Oversampling: what, pro, con?
Duplicate minority examples or generate synthetic ones (SMOTE interpolates between minority neighbors). Pro: preserves all original data. Cons: overfitting (model memorizes repeated examples), SMOTE can add noise near decision boundary, slower training, more memory.
When to use undersampling vs. oversampling?
Oversampling when dataset is small (can't afford to lose data). Undersampling when dataset is large and losing majority examples doesn't reduce meaningful coverage.
Image types: uncompressed, lossless, lossy
Uncompressed (.bmp, .ppm): every pixel stored raw, large files. Lossless (.png, .tiff, .gif): compressed via Huffman coding, perfectly reconstructible. Lossy (.jpg): discards barely-visible details, smaller files, quality loss is permanent.
MNIST dataset specs
60,000 training + 10,000 test images. Each is 28×28 grayscale pixels (784 values flattened). 10 classes (digits 0–9).
What does argmax do?
Returns the index of the largest value in a vector. That index = predicted class. Example: [-1.2, 0.5, 4.2, 2.1] → argmax = 2 (because 4.2 is largest at index 2).

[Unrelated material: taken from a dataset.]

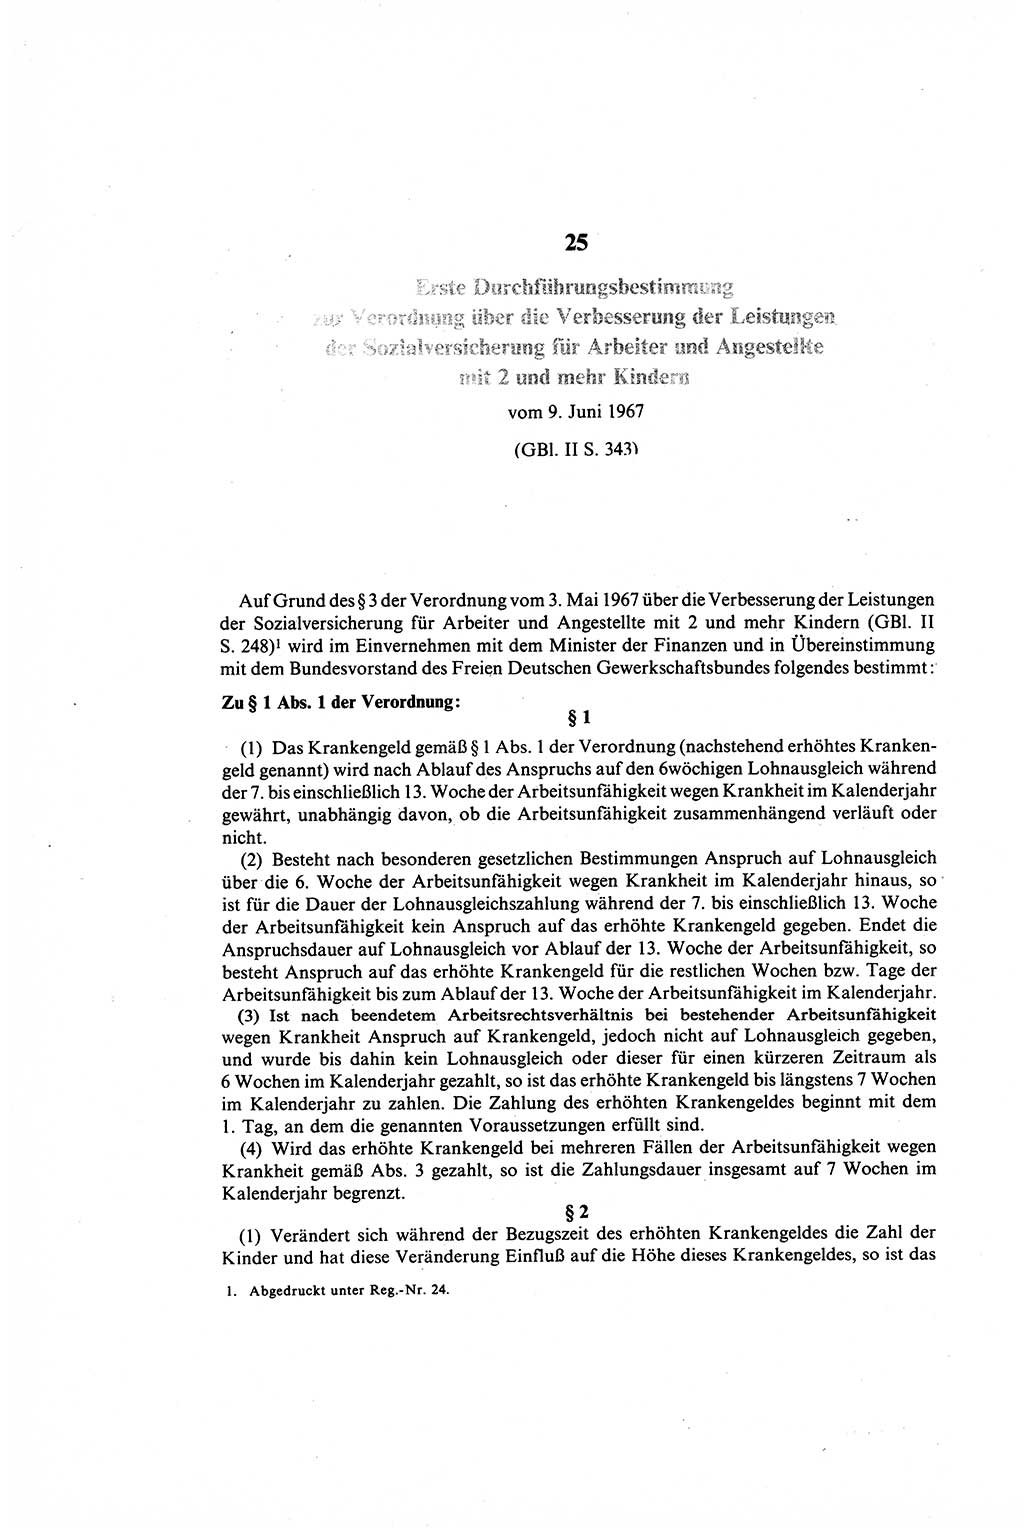 Gesetzbuch der Arbeit (GBA) und andere ausgewählte rechtliche Bestimmungen [Deutsche Demokratische Republik (DDR)] 1968, Seite 320 (GBA DDR 1968, S. 320)

Softmax + NLL worked example
Logits [ln(2), ln(3), ln(5)] → exponentiate: 2, 3, 5 → sum=10 → probabilities: 0.2, 0.3, 0.5. If true class is C: NLL = -ln(0.5) = ln(2) ≈ 0.693.
Mini-batch SGD calculation example
Dataset=5000, batch=100, epochs=10. Batches/epoch = 5000/100 = 50. Total updates = 50 × 10 = 500. If batch=5000: full-batch gradient descent.
cross_validate() in SKLearn
Evaluates multiple metrics at once. Example: scoring=['accuracy', 'roc_auc', 'f1']. Provides a more complete picture of model performance than a single metric.
Abstract Expressionism (lecture topic)
Spontaneous, intuitive art using bold brushstrokes and large canvases (Pollock, Rothko). Connection to the CIA is a historical/cultural topic from lectures.